The outgoing Schwarzenegger team will establish a point
person for all matters related to the transition, and agency secretaries and
department directors will open their doors – and books – in an attempt to brief
their successors objectively.   Advisers
trusted by Brown will be taking meetings all over Sacramento, and reporting
back to him with their assessments of the major policy areas and what can be
done.  Brown should take a suggestion
from Hoover Institution political analyst Bill Whalen and make these reports
public, just as New Jersey’s Governor Chris Christie did in his
transition. 

Finally, the transition team needs to develop a way to
filter through requests from the "Third House" – mostly requests for meetings
to recommend candidates for top-level jobs, suggest policy reforms, or simply
to make a connection for future conversations. 
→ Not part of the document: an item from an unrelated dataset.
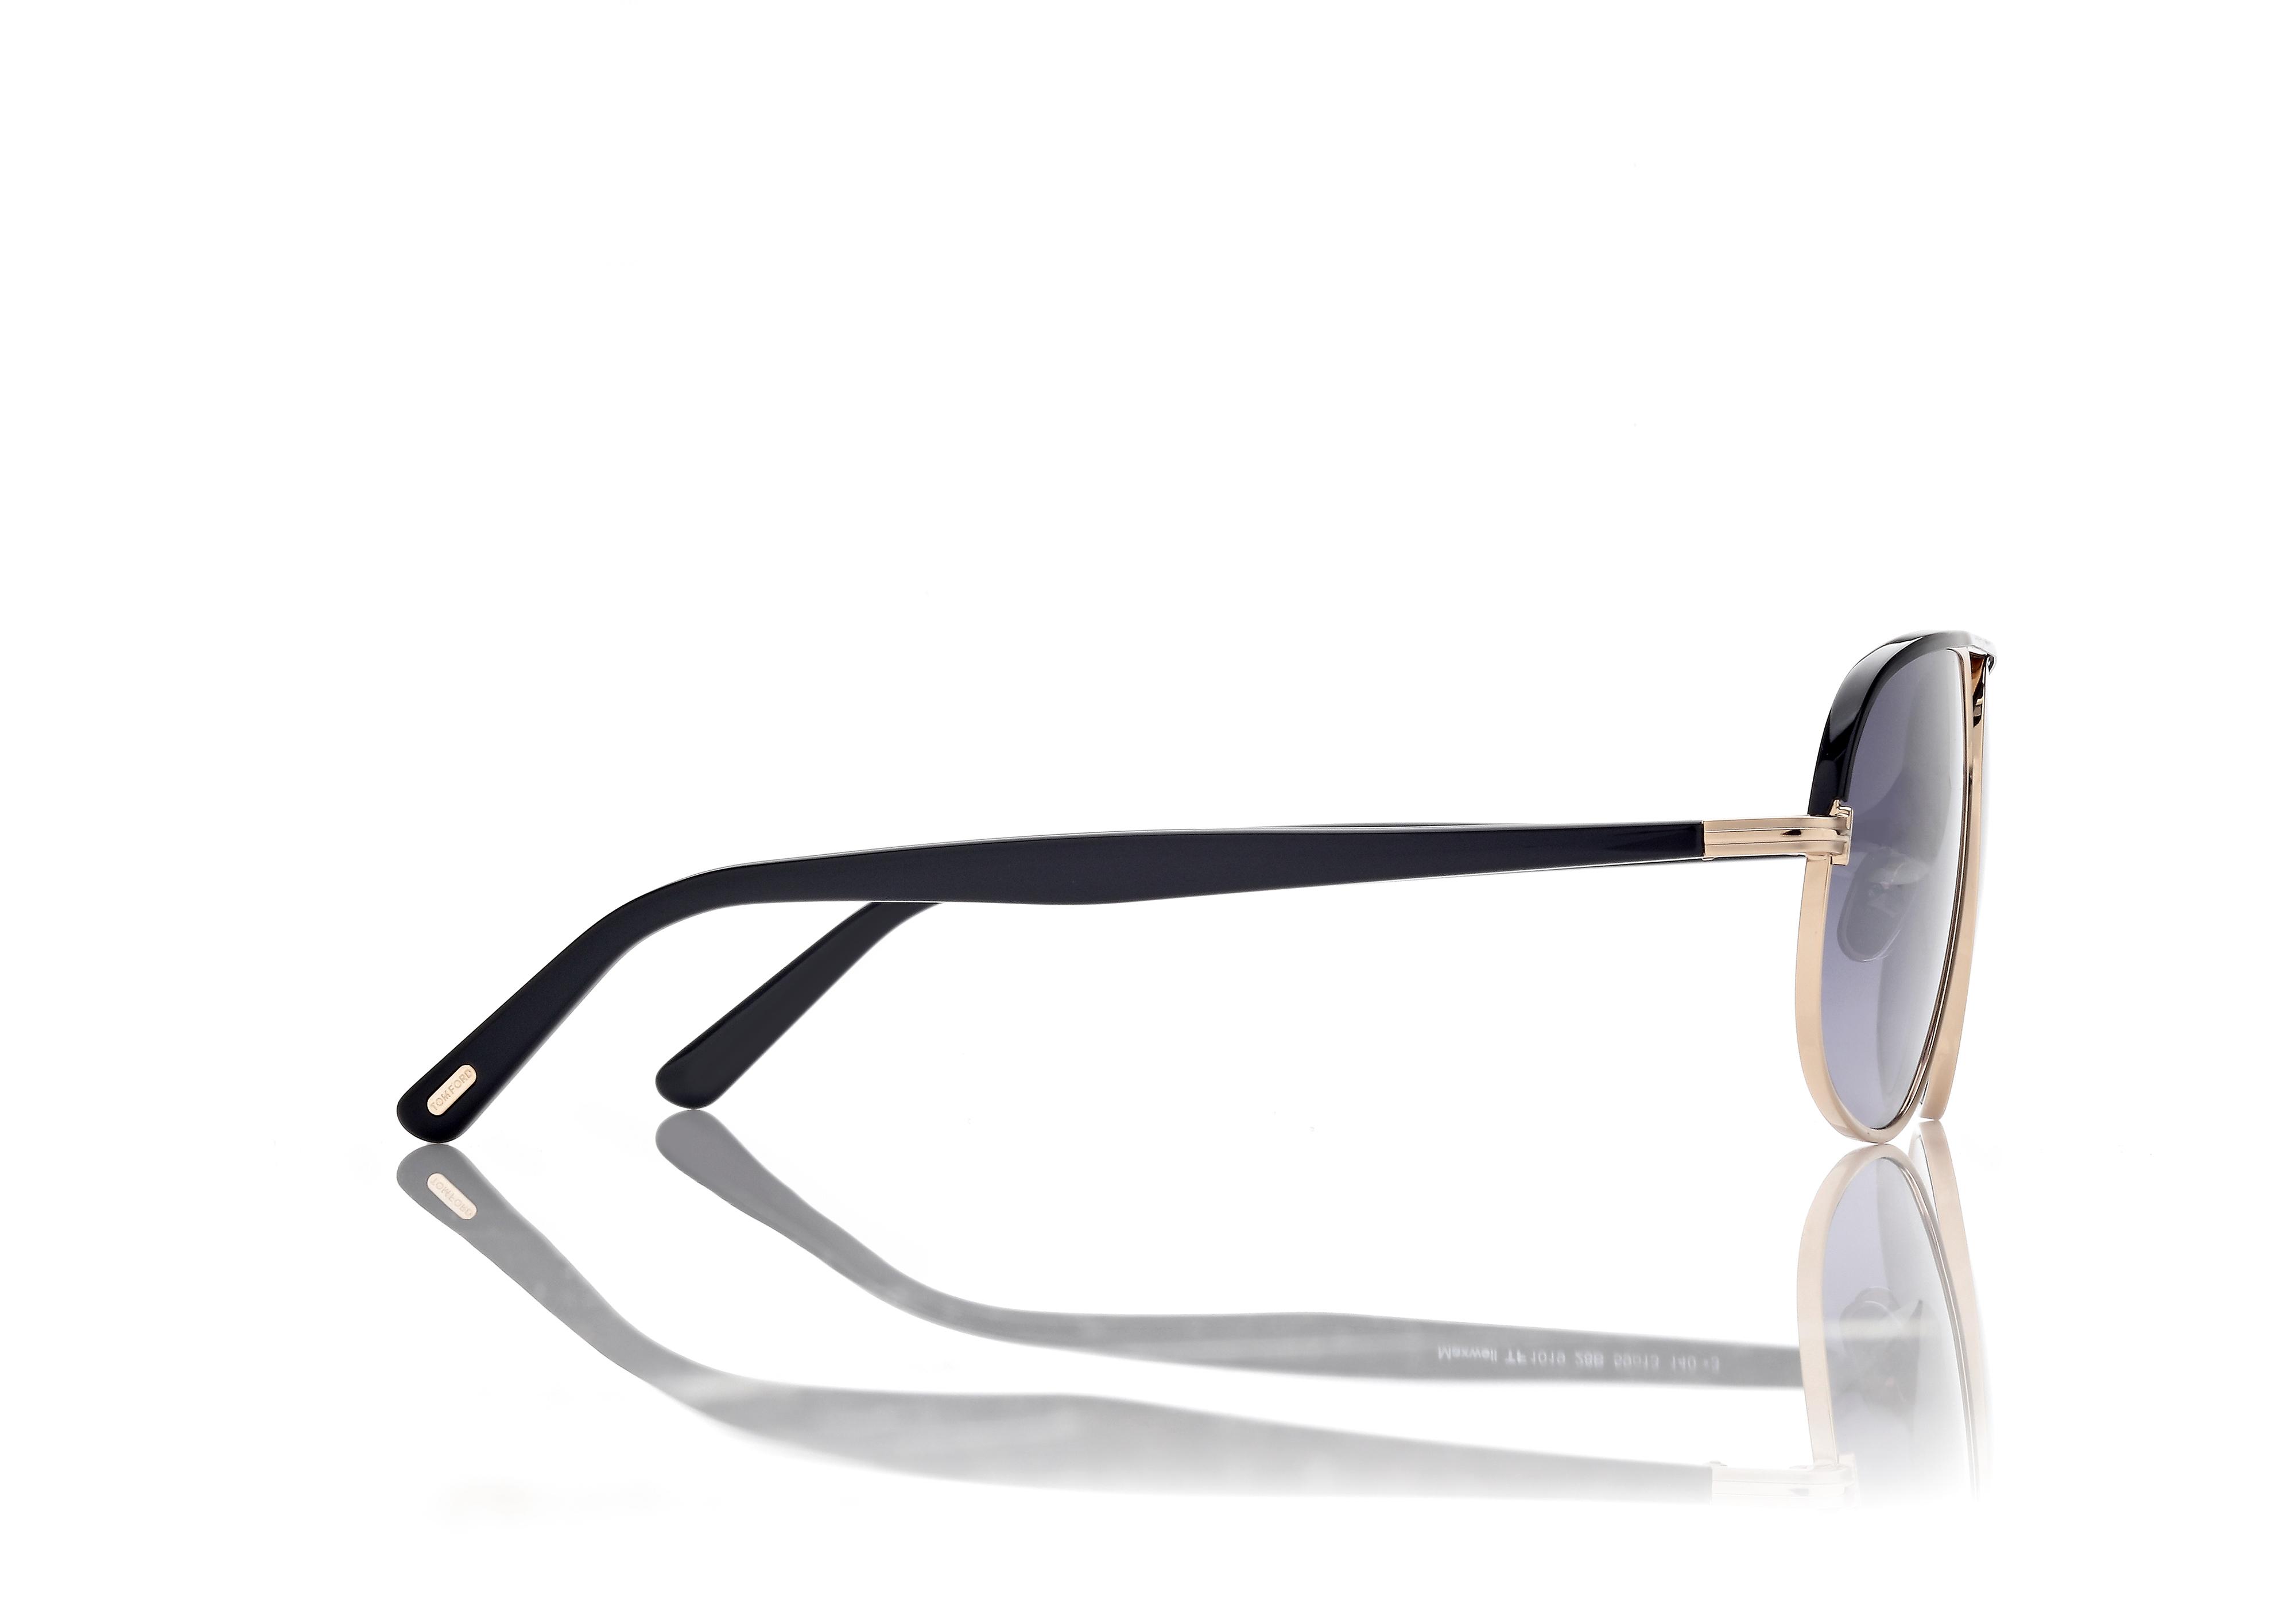 Tom Ford Men's Maxwell Double-Bridge Aviator Sunglasses

Brown’s transition team will be inundated with suggestions
for new policies ranging from useful to ridiculous.  My favorite suggestion in 2003 was from a top
Sacramento insider, who said Schwarzenegger should take steps to amend the
state’s "crazy" recall process as a first order of business.  I suggested that since we wouldn’t be in a
transition team office were it not for the recall election, perhaps we could
agree that his part of the constitution was actually working.

Many Capitol players have been planning their pilgrimages
for weeks, assembling "leave-behinds" they hope will impact the thinking of the
new team.   I predict a shortage of
three-ring binders in the region’s office supply stores. 

The most important meetings Governor-elect Brown will take
will focus on the state budget.  But he
should ask one state official in particular, Inspector General Laura Chick, to
pay him a visit.

Chick is on a mission, recently renewed by the Legislature in
the state budget, to investigate the state’s use of federal stimulus funds.   Democrats and some Republicans have been
reluctant to expose some of their pet projects to proper auditing, but
Schwarzenegger insisted in keeping her office going.  (Historical note:  a statewide Inspector General was part of our
2003 recall platform.)

Brown should size up the situation quickly and find a way to
create an even larger role for Laura Chick. 
He’s said he won’t raise taxes without a vote of the people.  But until voters have confidence that many
eyes in Sacramento are watching how state tax dollars are spent, and
aggressively identifying and preventing waste, taxpayers will be reluctant to
make any additional financial sacrifices for the benefit of state
programs.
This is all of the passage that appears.